# Named drivers on insurance policies



## Don_Madge (May 1, 2005)

Following a similar topic on another forum I did some research into named drivers on the insurance policies.

The bottom line is; is your wife/partner capable of driving your motorhome back to the UK if you the main driver is incapacitated while you are in Spain or some far flung part of Europe. 

My RAC breakdown/recovery clearly states.

We will pay for: 
The cost of a replacement driver to drive your vehicle and the parties to your destination or home if a registered doctor declares you medically unfit to drive and you are the only qualified driver. 
We will not pay the cost of a replacement driver if there is another qualified driver in the party who is fit to drive.

I spoke to Peter Cue of Comfort Insurance and we discussed the problem at great length and they would be very sympathetic in a case of bereavement. If you just had a broken arm or something along those lines it could be a different matter. 

The problem is one does not contact Comfort in an emergency but the RAC and who's to say what their reaction would be. I've come to the conclusion that unless the named driver is capable of bringing the vehicle back to the UK take them off the policy. This is just my opinion of course.

It would be very interesting to have other members views and see the wording on their breakdown/recovery policies.

Safe travelling

Don


----------



## JohnsCrossMotorHomes (Jul 21, 2007)

Only problem with that is they would not be able to drive the MH under any circumstances anywhere if they were removed from the policy.

Just a thought.

Regards


----------



## asprn (Feb 10, 2006)

Don Madge said:


> I've come to the conclusion that unless the named driver is capable of bringing the vehicle back to the UK take them off the policy


Don,

This is a very good topic, and I can see the issue. My wife is named as a driver, but she couldn't drive our RV if our lives depended on it (which I suppose they might)! So why do I have her name on the policy?
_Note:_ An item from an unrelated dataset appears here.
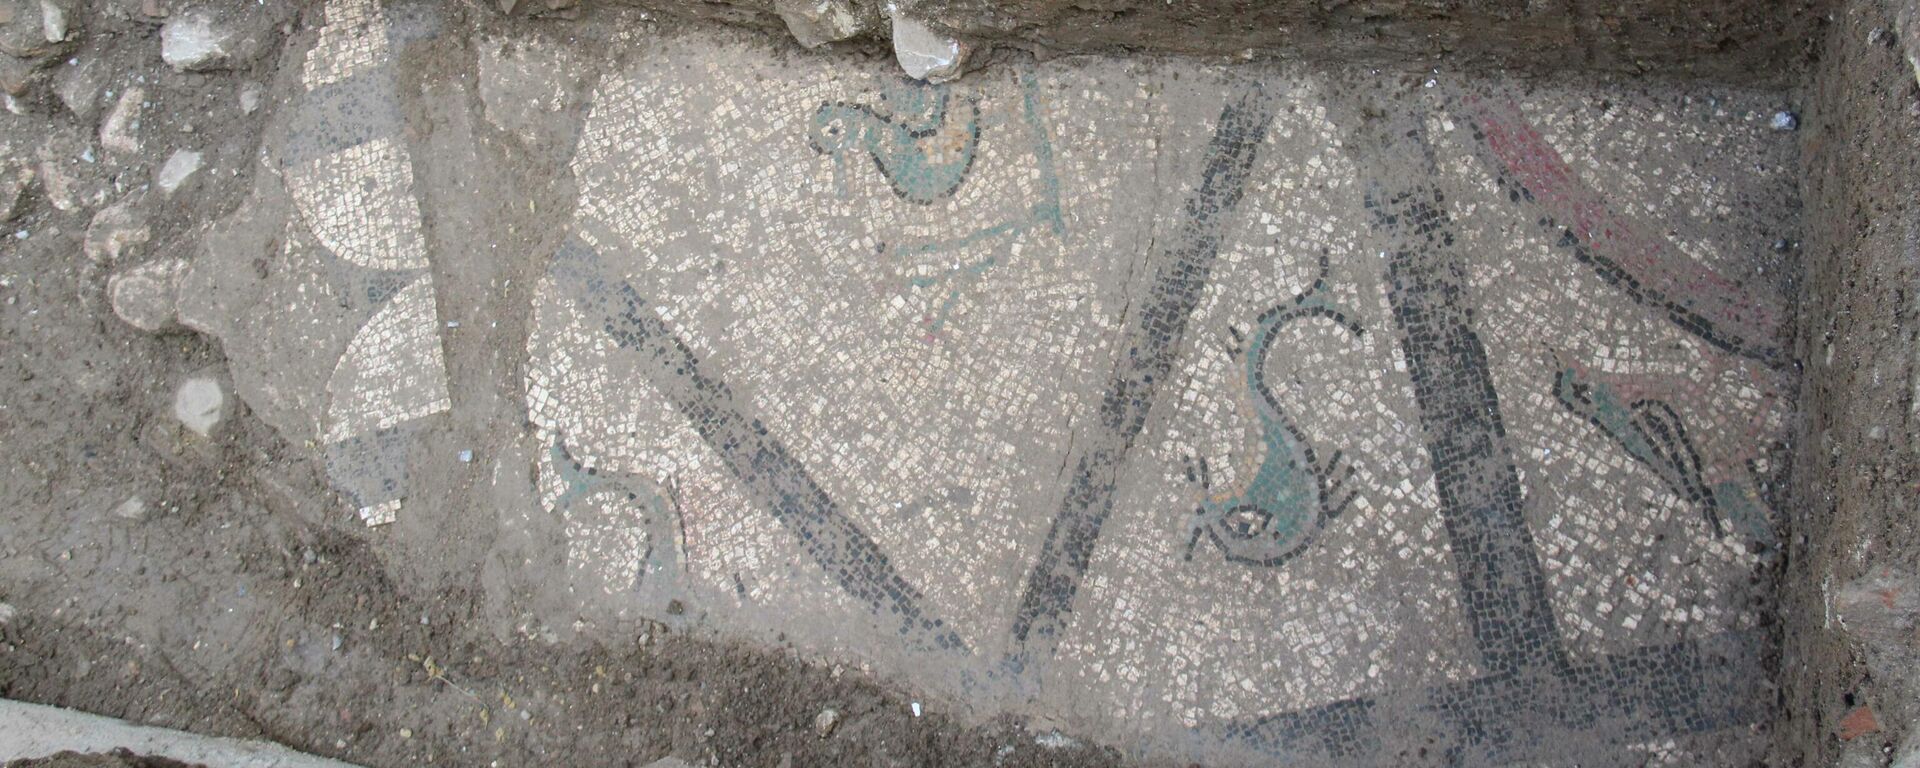 Mosaico romano hallado en 2021 en Cártama - Sputnik Mundo, 1920, 17.02.2021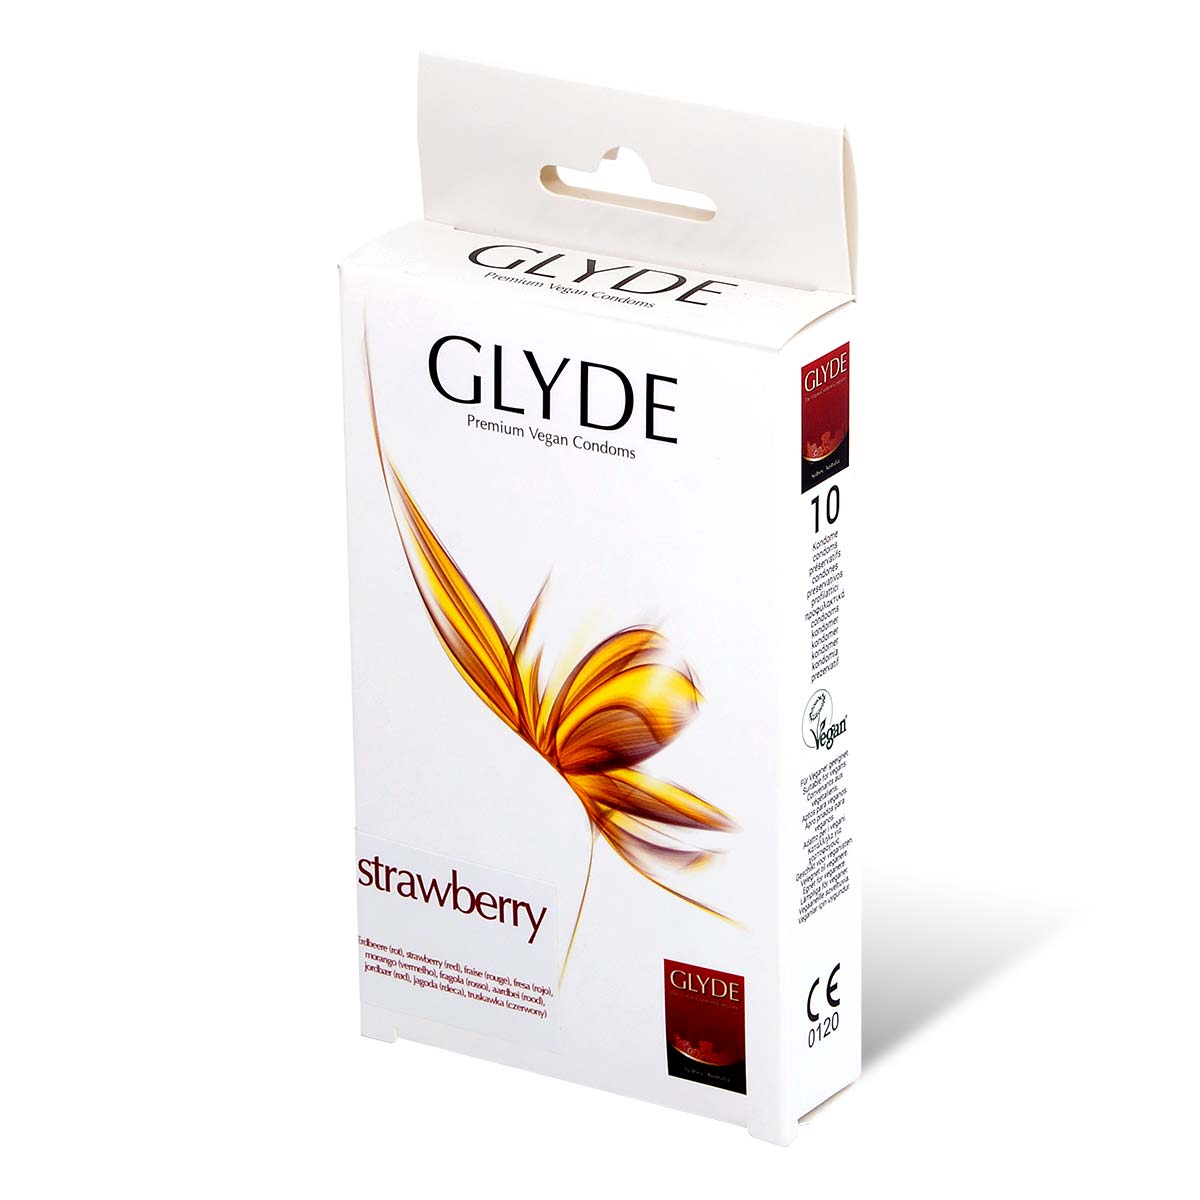 Glyde 格蕾迪 素食主义安全套 草莓香 10 片装 乳胶安全套-p_1

Good question, especially if it prejudices recovery.

:?

Dougie.


----------



## tonyt (May 25, 2005)

Nice one Don.

My Lifesure policy states:

"...In the event of you being declared medically unfit to drive the insured vehicle... and there is no other insured person qualified and competent to drive, we will pay all the costs to return the insured vehicle...."

I guess in this case you could argue that while your partner may well be legally qualified they may at the same time not be competent to drive said vehicle - I would say that the partner alone has the right to claim such incompetence?

Interesting subject.


----------



## StAubyns (Jun 4, 2006)

my wife is a qualified driver and has held her license for 42ish years but for the last 5 years has only driven an automatic and would not be capable of driving the motorhome.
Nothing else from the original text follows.